### Exercise requirements
Only the pictures are to be left out; write out the rest of the data exactly.

### Available data
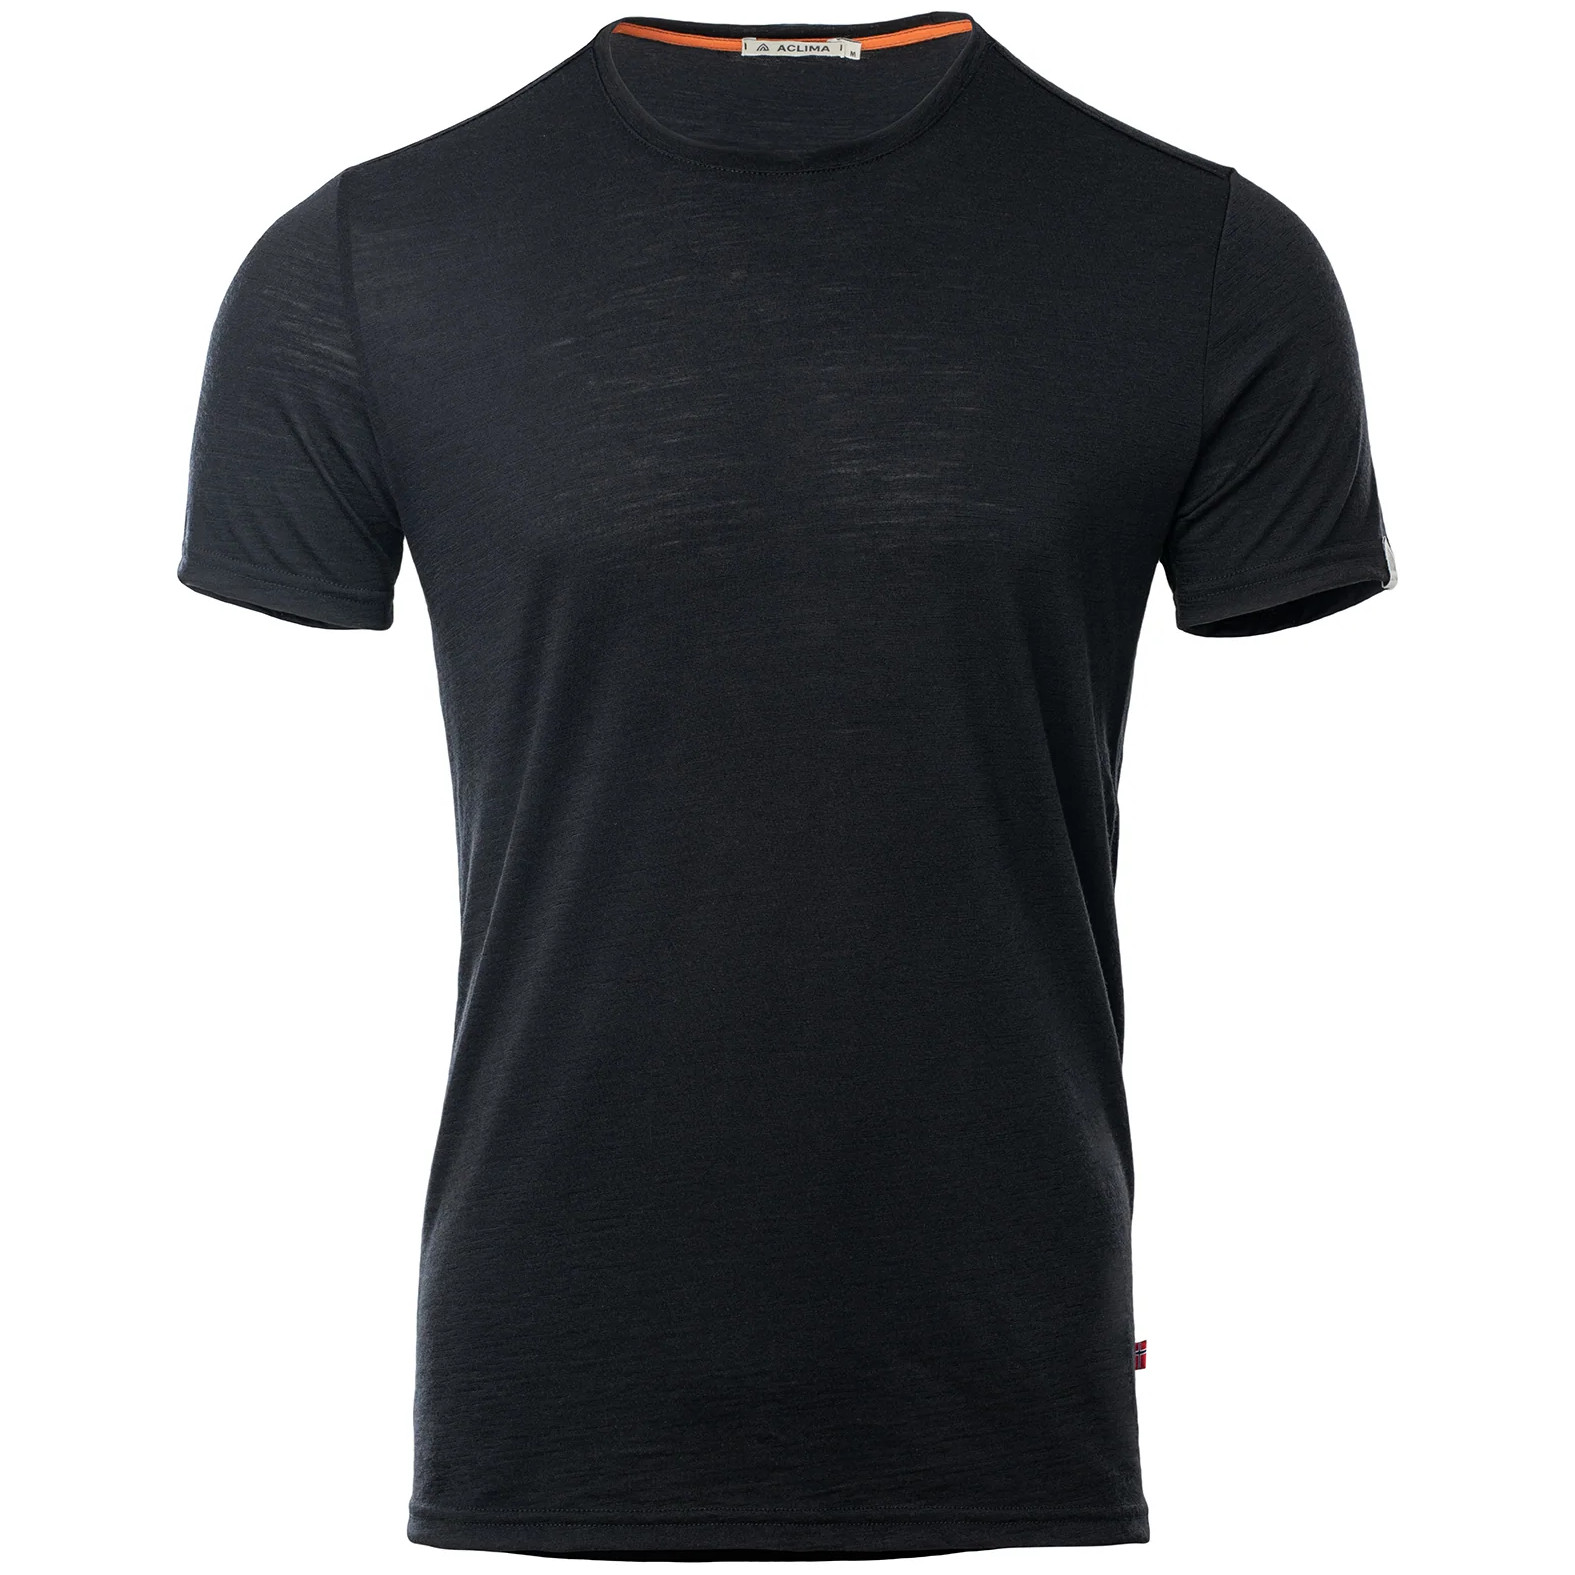 Productfoto van Aclima Lightwool T-Shirt - jet black
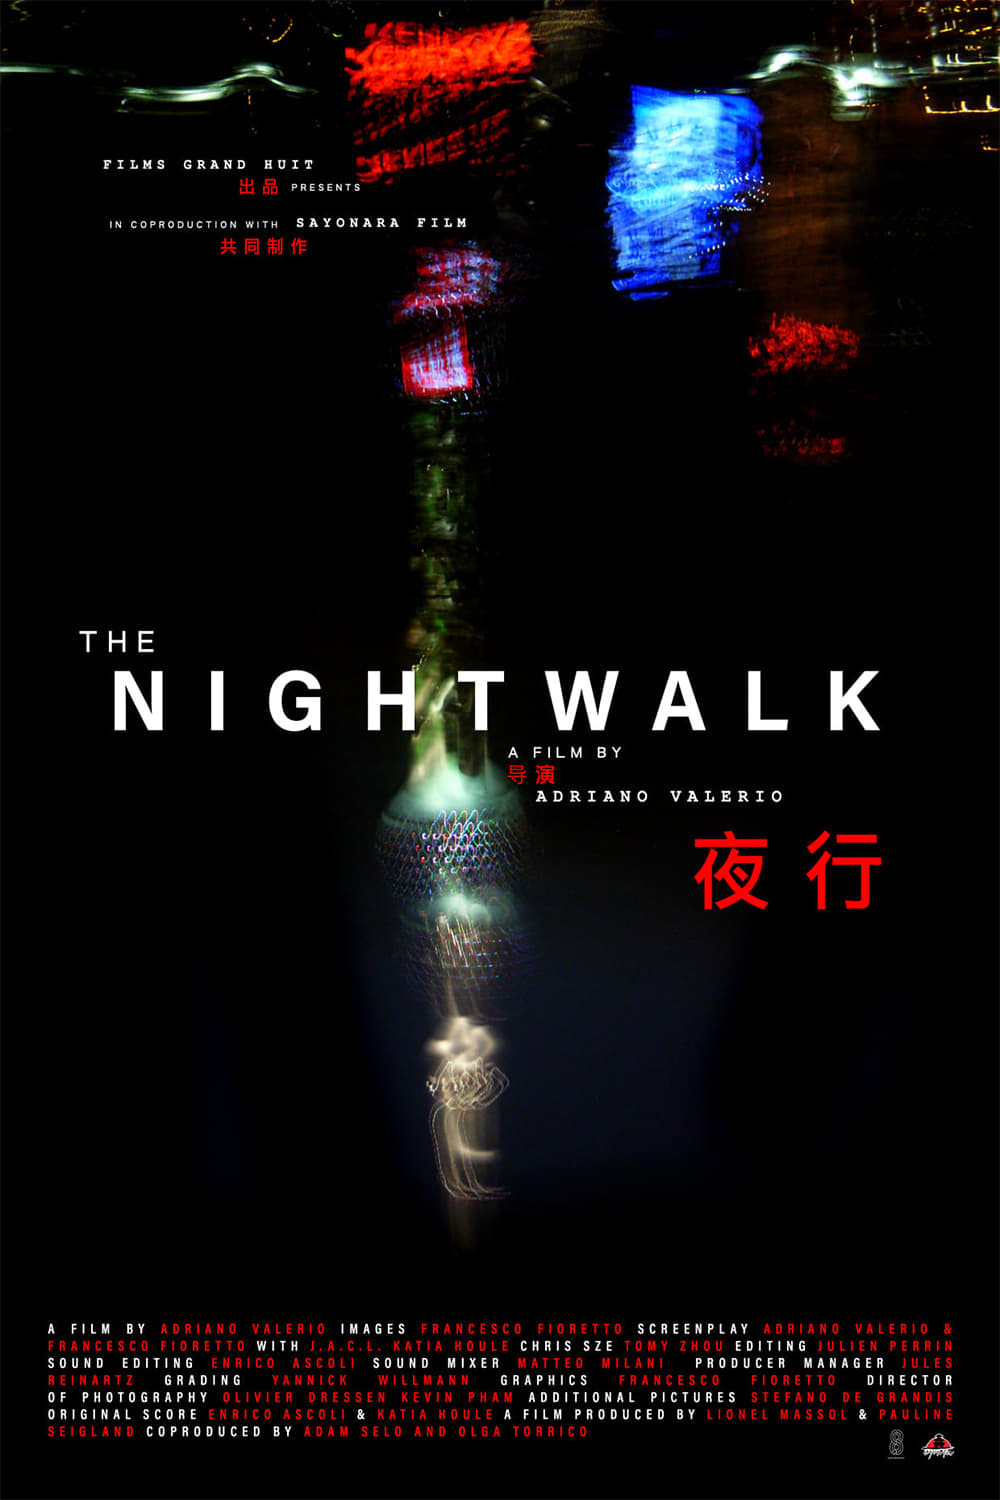 The Nightwalk
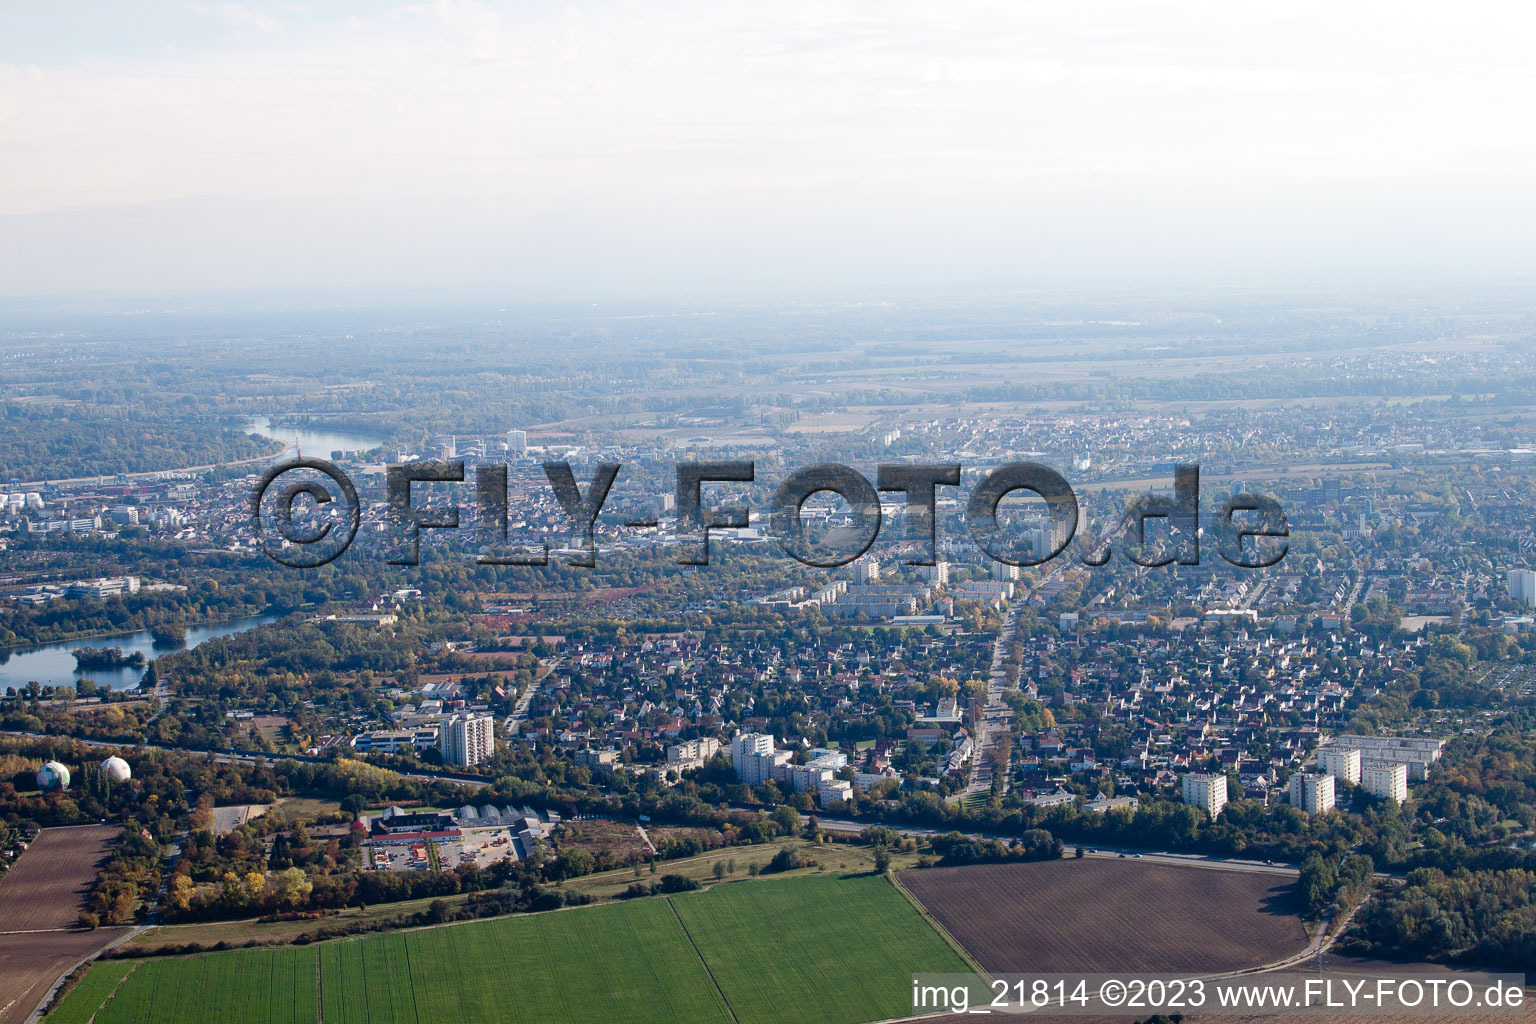 District Gartenstadt in Ludwigshafen am Rhein in the state Rhineland-Palatinate, Germany seen from above
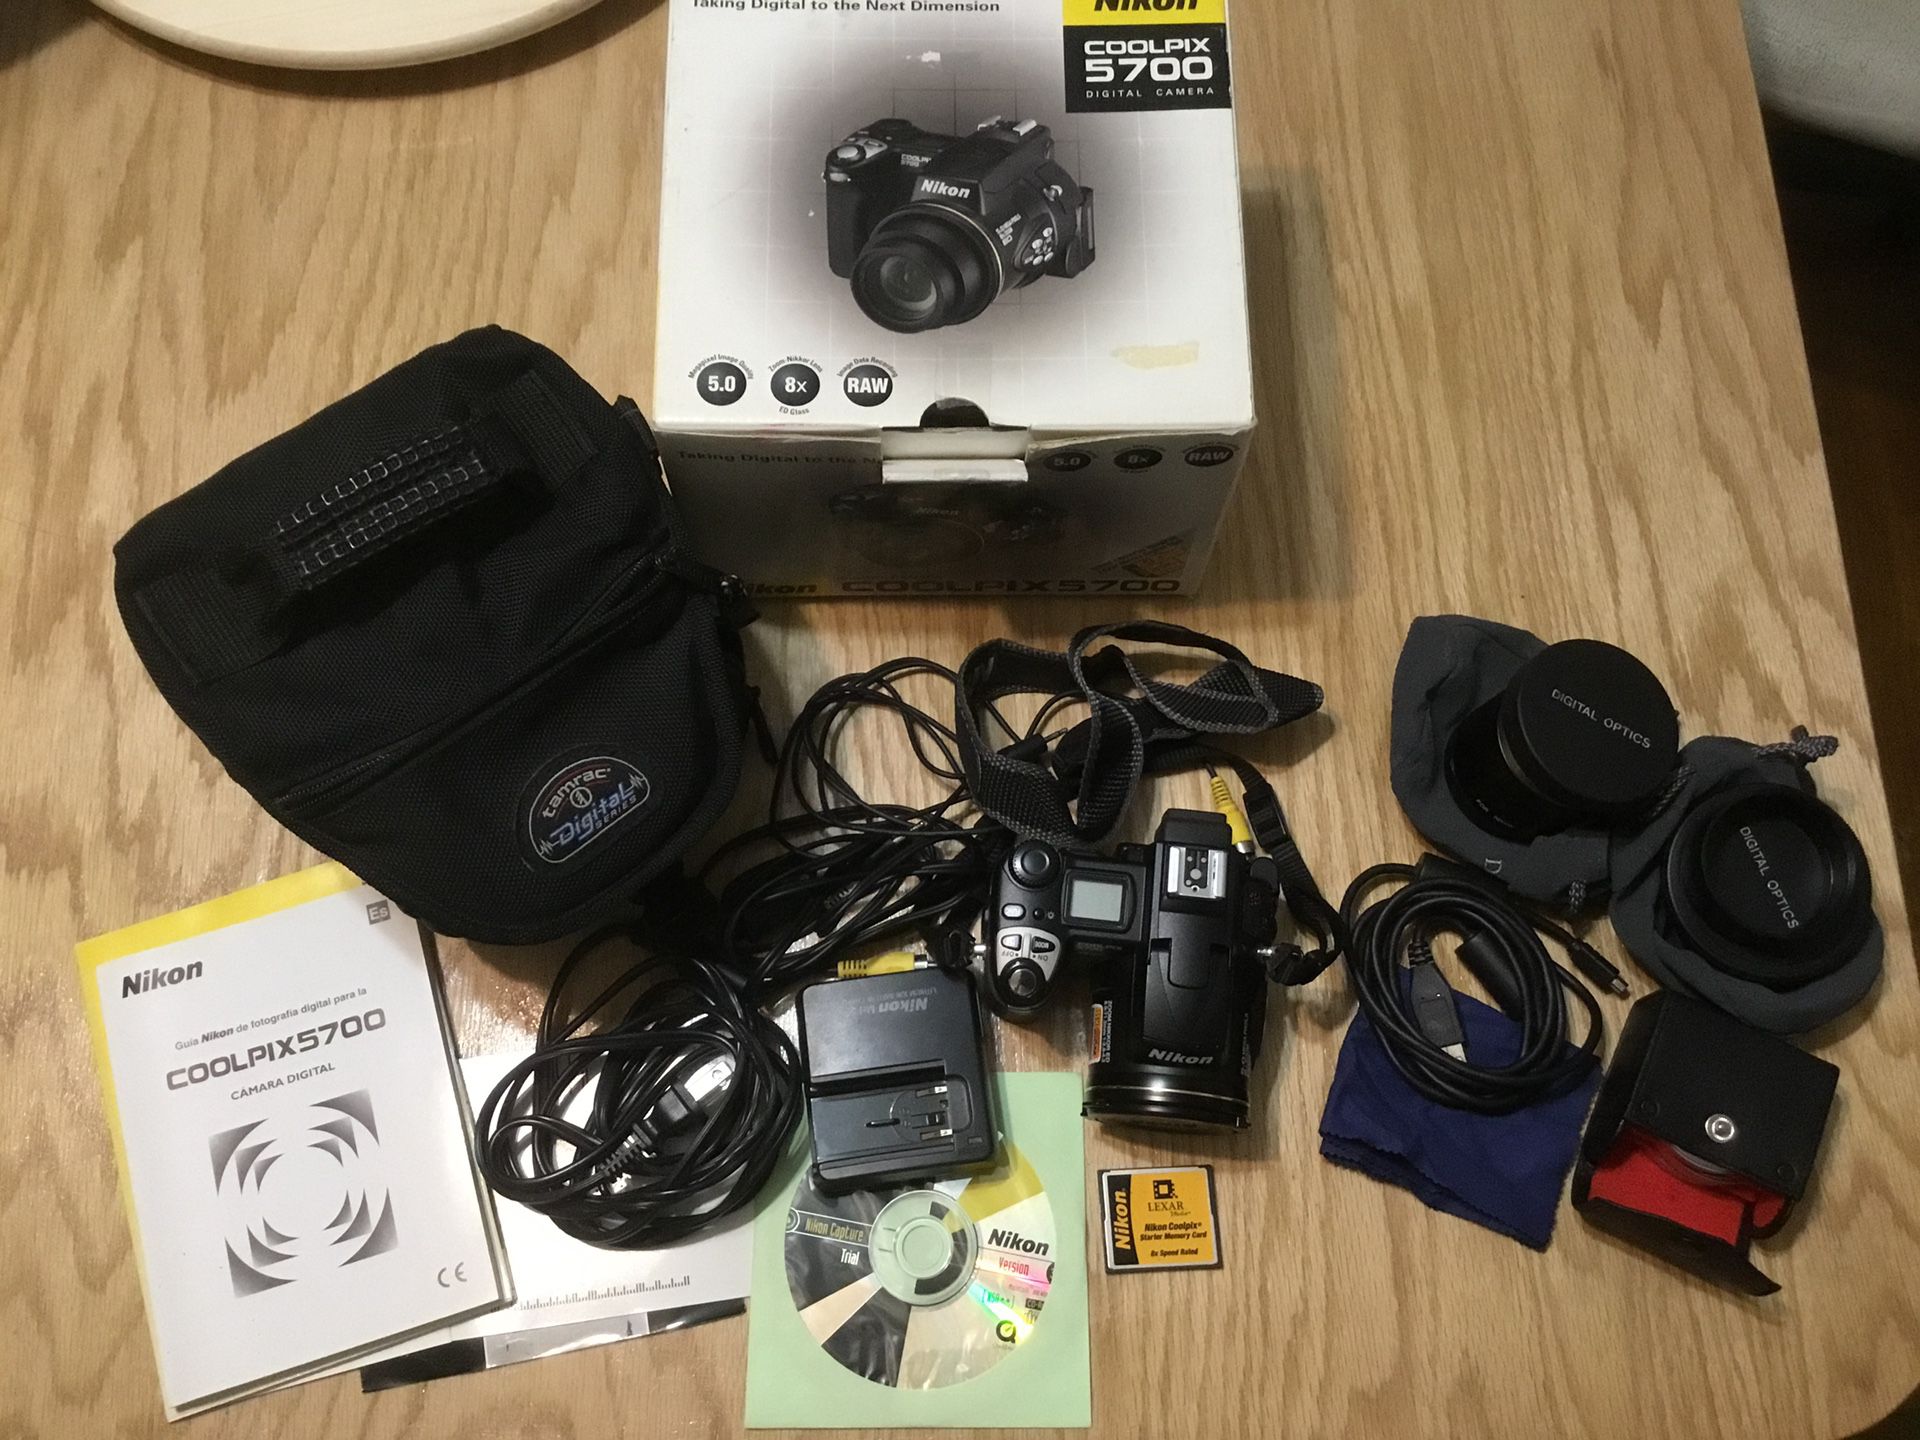 Nikon coolpix 5700 with extra lenses bag and original box

### Response for this exercise
 Productfoto van Aclima Lightwool T-Shirt - jet black
 The Nightwalk
 District Gartenstadt in Ludwigshafen am Rhein in the state Rhineland-Palatinate, Germany seen from above
 Nikon coolpix 5700 with extra lenses bag and original box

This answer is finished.